59. Verwendung nach Anspruch 55 zur Behandlung/Bekämpfung/Verhinderung von HIV- induzierter Demenz, insbesondere zur Verhinderung der HIV-Infektion von Neuronen, Glia und Endothelzellen in Kapillaren des Gehirns.

60. Verwendung nach Anspruch 55 zur Verhinderung der Etablierung einer systemischen HIV- 1/HIV-2 Infektion unmittelbar nach Kontakt mit infektiösen Viren, etwa bei Nadel-Stich- Verletzungen mit HIV-kontaminiertem Blut oder Blutprodukten.

61. Verwendung von trojanischen Assemblierungs-Inhibitoren der Ansprüche 1 bis 3 und 41 bis 44 zur Behandlung und Vorbeugung von viralen hämorrhagischen Fiebern (VHF) in Menschen und Tieren, insbesondere in non-humanen Primaten (Affen).

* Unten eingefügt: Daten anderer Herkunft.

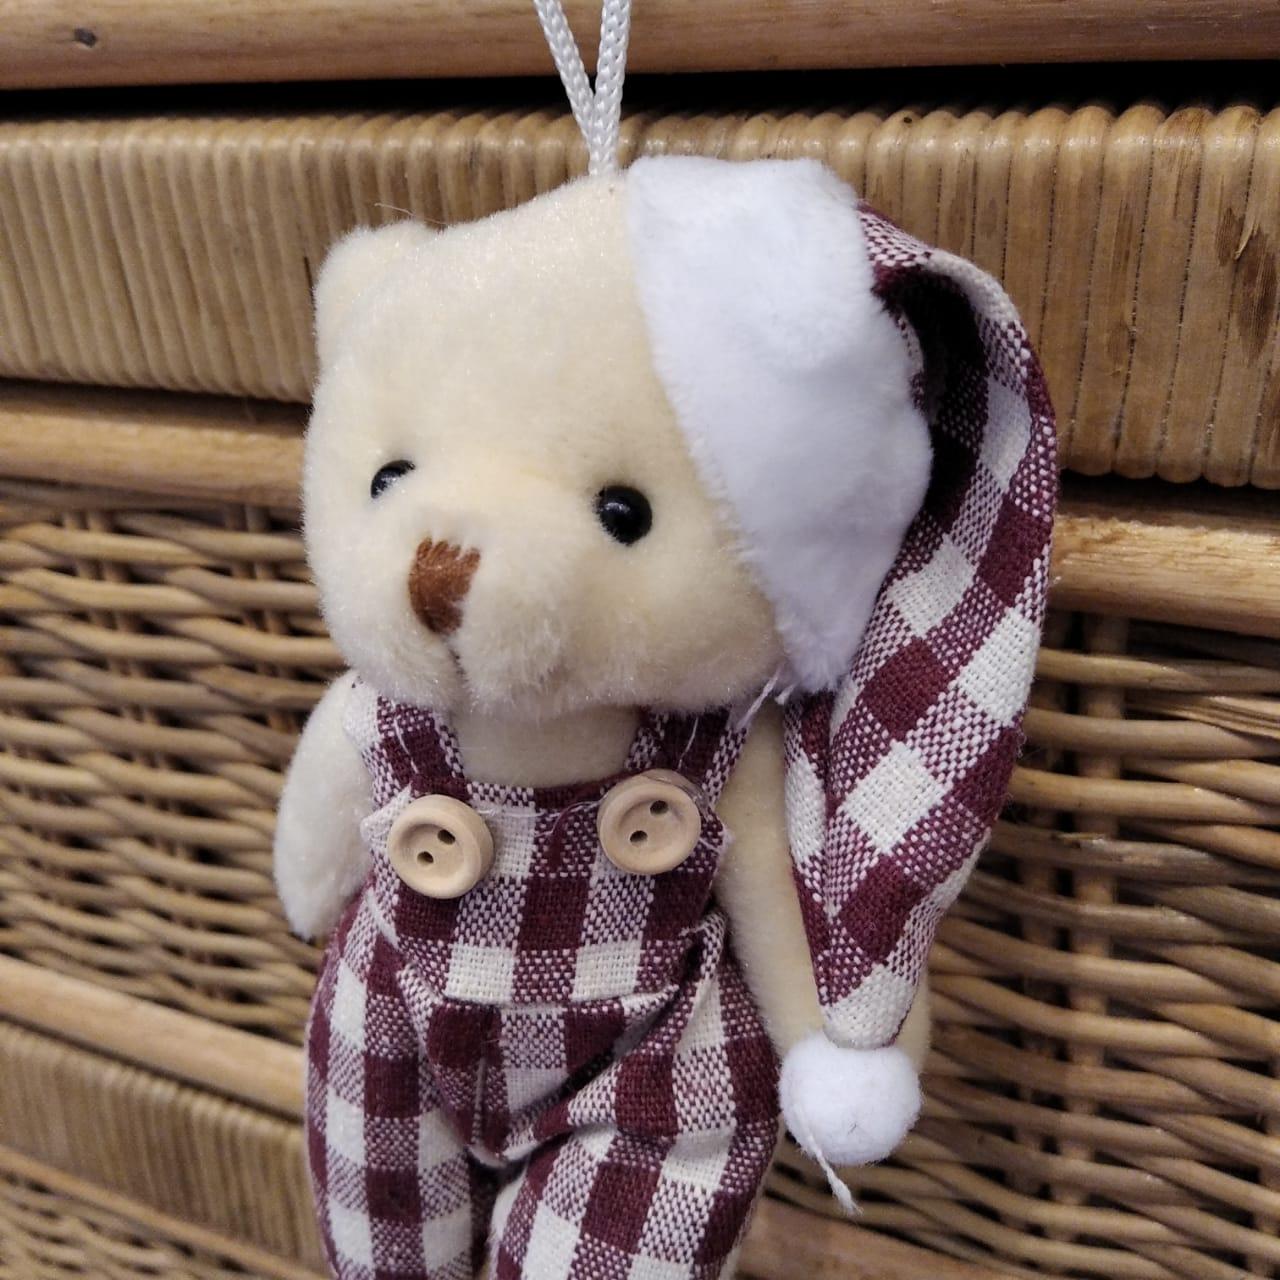 Pendente Natalino Urso Pelúcia Enfeite Urso Natal Pendurar  - Lemis

62. Verwendung nach Anspruch 61 zur Bekämpfung/Behandlung und Vorbeugung von Erkrankungen/pathologischen Erscheinungen, die durch Infektionen mit den Filoviren Ebolavirus und Marburgvirus verursacht wurden.

63. Verwendung nach Anspruch 61 zur Bekämpfung/Behandlung und Vorbeugung von Erkrankungen/pathologischen Erscheinungen, die durch Infektionen mit Lassa-Virus oder Krim/Kongo hämorrhagischen Fieber Virus verursacht wurden.